Ещё один любопытный аспект событий 1914–1918 годов связан со СМИ. Дело в том, что к концу XIX века медийная среда – тогдашня пресса – окончательно сформировалась как четвёртая власть. Стало ясно, что журналист, репортёр оказывают колоссальное влияние на общественное мнение, поэтому с ним должны считаться сильные мира сего. И история отношений Антанты и Тройственного союза постоянно проходила через усилитель СМИ. Политические события на страницах «Санкт-Петербургских ведомостей», Figaro, Suеddeutsche Zeitung или британских газет выглядели немножечко ярче, сильнее, хищнее и злобнее, чем на самом деле.

В результате этой метаморфозы реальные политики, принадлежащие к первой и второй ветвям власти, начали побаиваться представителей четвёртой власти. Ещё бы – они требовали быть последовательными, крича, например: «Надо защитить наших сербских братьев!» И Николай II, который невероятно тяготился своей ролью императора-самодержца и не хотел никакой войны, под их нажимом шёл в атаку. Ему ведь постоянно говорили: «Наши сербские братья пострадали. Нам нужно дать достойный ответ. Иначе во всех газетах мира будет написано о нашей слабости». То есть начиная с ХХ столетия СМИ всё чаще выступали в роли провокатора, тем более что тогда ещё не существовало запрета на прямое присутствие журналистов на встречах политиков. Поэтому значительная часть вины за развязывание Первой мировой лежит именно на прессе.

К счастью, из этого негативного опыта человечество сделало некоторые выводы. Буквально после Первой мировой войны появился новый формат – «без галстуков», а также многочисленные пресс-секретари и пресс-атташе. Политики приняли все необходимые меры предосторожности, чтобы они могли без посторонних журналистских глаз сидеть в тёмной комнате, свободно посылать друг друга куда подальше и спорить, как обычно спорят на базаре. А после этих переговоров пресс-секретарь мог в предельно бессодержательной форме сообщить об их итогах в пресс-релизе. И эта техника безопасности в работе с четвёртой властью, появившаяся в 1920-е годы, спасает сегодня мир от многих войн.

Приговор утопии Просвещения

Безусловно, Первая мировая стала водоразделом с точки зрения доминанты коллективного самосознания общества. На протяжении столетия, предшествовавшего кровавой бойне 1914–1918 годов, всё, что было связано с подспудным, пещерным, бессознательным началом человека, старательно замалчивалось. Архаические проявления психики и экзистенциальные вопросы подчас объявлялись недостойными современного образованного гражданина.

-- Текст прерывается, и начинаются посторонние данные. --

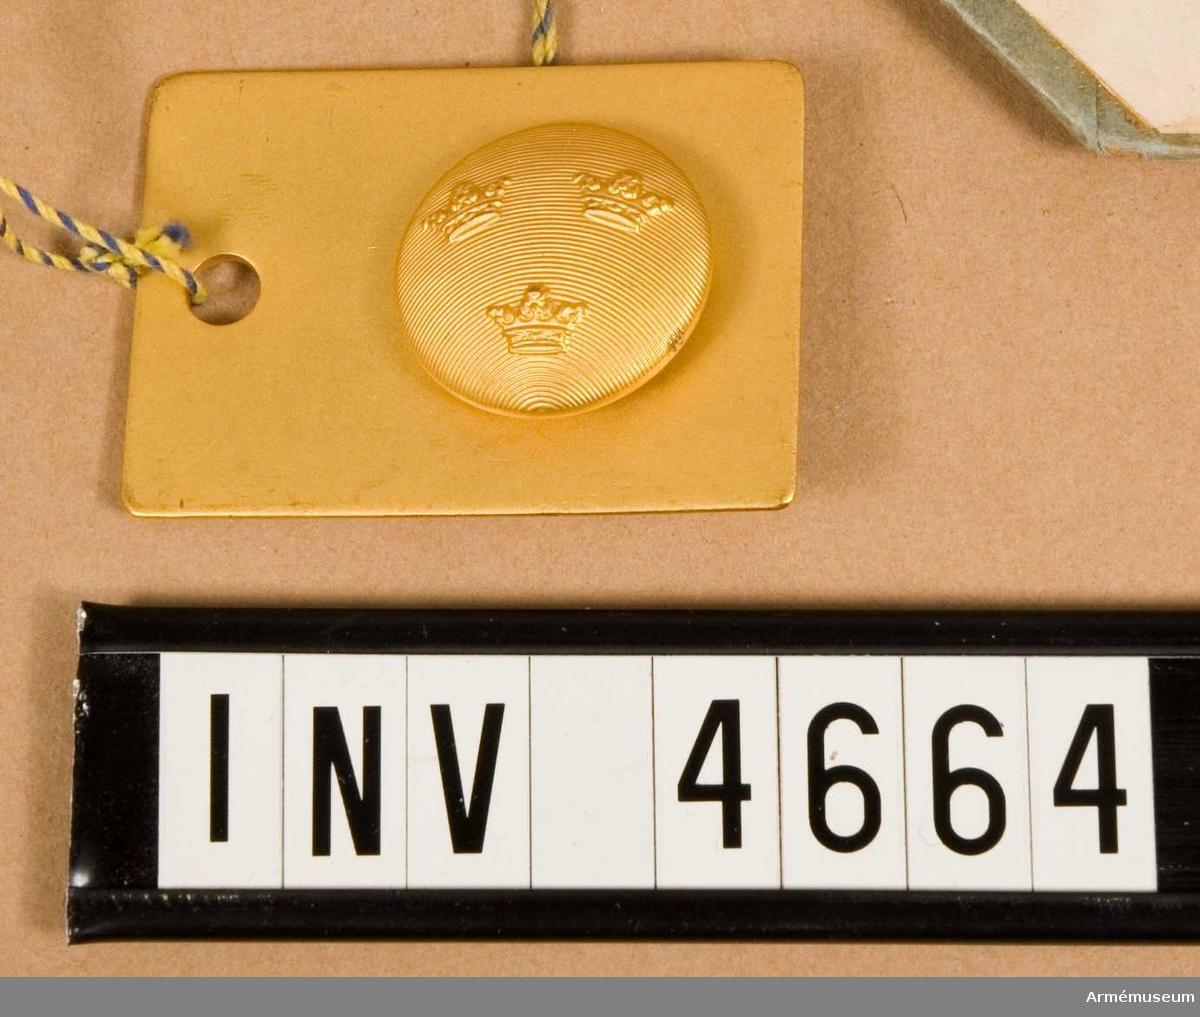 """Likaren är avsedd för emblem, knappar m fl tillbehör till  uniform m/1952. Färglikaren består av en platta av metall vars  färg är likare för färgen å tjänstetecken till uniform m/1952. Som exempel är en manskapsknapp - tre kronor - anbringad; den är benämnd Knapp m/1952 för övrig personal, stor. För fastsättning vid plattan är detta modellexemplar försett med två klammer på baksidan. Vidhängande etikett anger fastställelsedag: """"Stockholm Slott den 14/8 1952 Torsten Nilsson C. Årmann""""."""

Такое положение вещей неудивительно – в средствах массовой информации, самосознании писателей и мыслителей начала ХХ века всё ещё господствовала просвещенческая утопия с её культом разума и прогресса. Доминировала социальная инженерия, а самым актуальным был вопрос: «Что ещё можем сделать, чтобы отсталую, непроработанную знанием человеческую сущность иллюминировать ещё больше?» Главная тема всех медийных речей того времени – торжество науки, прогресс, смягчение нравов, «мы больше не допустим» и «мы больше не погрузимся в архаику войны».

Да, накануне Первой мировой бушевала полемика между российской и немецкой прессой, а иногда – несмотря на союзнические отношения в рамках Антанты – между российскими и британскими газетами. Но эти дебаты проходили в рамках общей системы координат, когда ценности Просвещения не подвергались сомнению. И если «Ведомости» критиковали своих оппонентов, то в основном лишь за то, что европейские политики отходят от истинного пути прогресса. 

 Чем ближе к 1914 году, тем сильнее звучали эти речи. Скрытое напряжение в европейских обществах постоянно накапливалось. И вот, наконец, вспыхнула одна из самых беспощадных войн в истории человечества, которую по уровню жестокости в чём-то превзошла даже ужасы Второй мировой. Эта бойня шла на уровне абстрактных принципов, которые в теории могли бы подкорректировать друг друга, но на практике корректировались отравляющими газами, артиллерией и – ввиду отсутствия пенициллина – чудовищными смертями на операционном столе. Парадокс состоял в том, что именно так выглядело воплощение лозунгов Просвещения, их телесная реализация. Поэтому неудивительно, что именно Первая мировая война подписала приговор просвещенческой утопии. Конечно, полностью эта утопия не исчезла, она скрытым образом продолжается и сегодня, но доселе невиданная бойня лишила её господствующего положения в самосознании людей.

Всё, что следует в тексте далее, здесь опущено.